═══ Input records
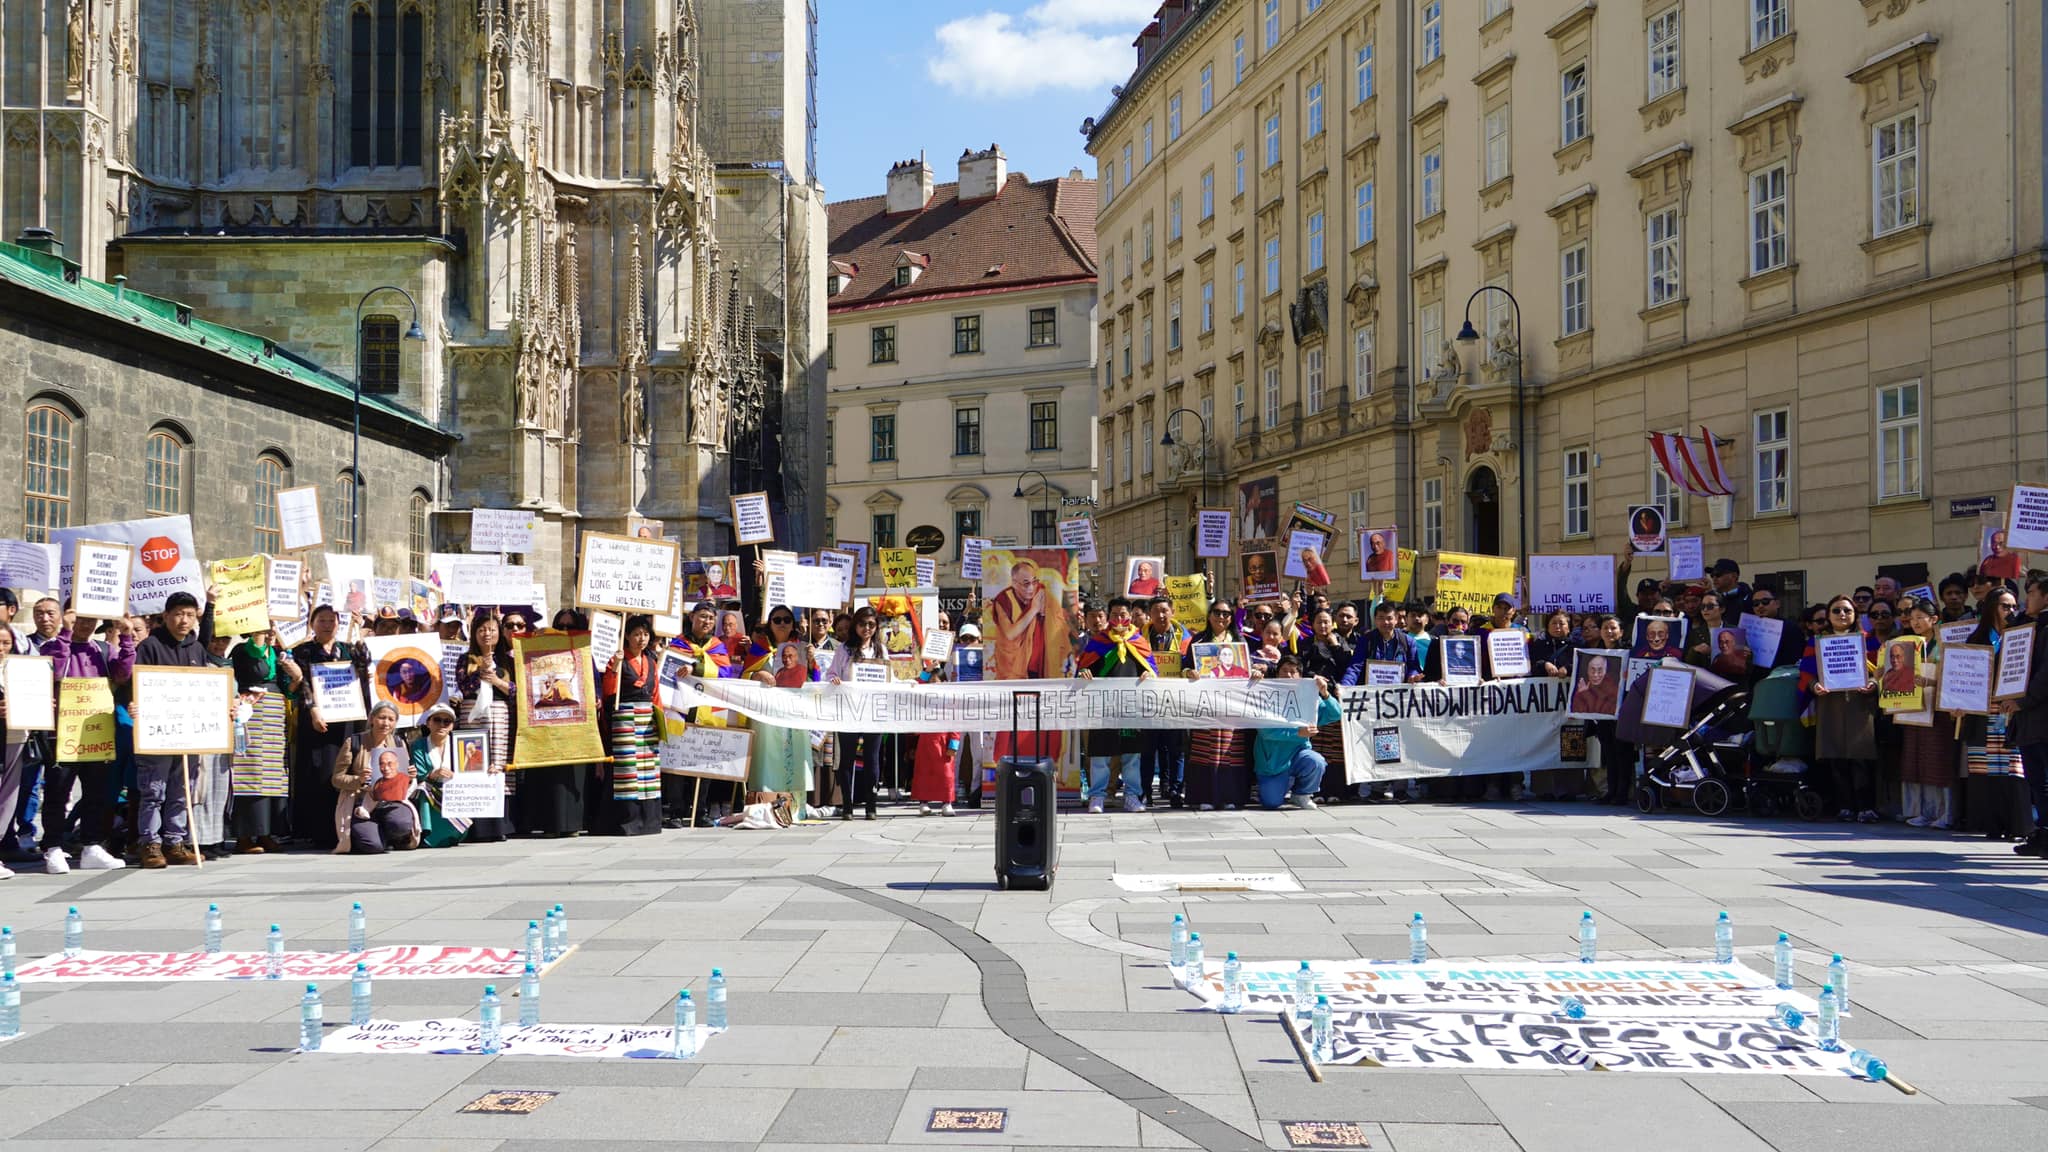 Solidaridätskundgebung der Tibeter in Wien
══════
═══ Input records
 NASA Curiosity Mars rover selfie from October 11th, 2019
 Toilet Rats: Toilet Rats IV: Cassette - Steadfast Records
══════
> _Required action_
In the data above, find the line with "NASA Curiosity Mars" and the line with "Toilet Rats: Toilet". Retype both, plus every line between them, exactly.

> _Answer to this task_
 NASA Curiosity Mars rover selfie from October 11th, 2019
 Toilet Rats: Toilet Rats IV: Cassette - Steadfast Records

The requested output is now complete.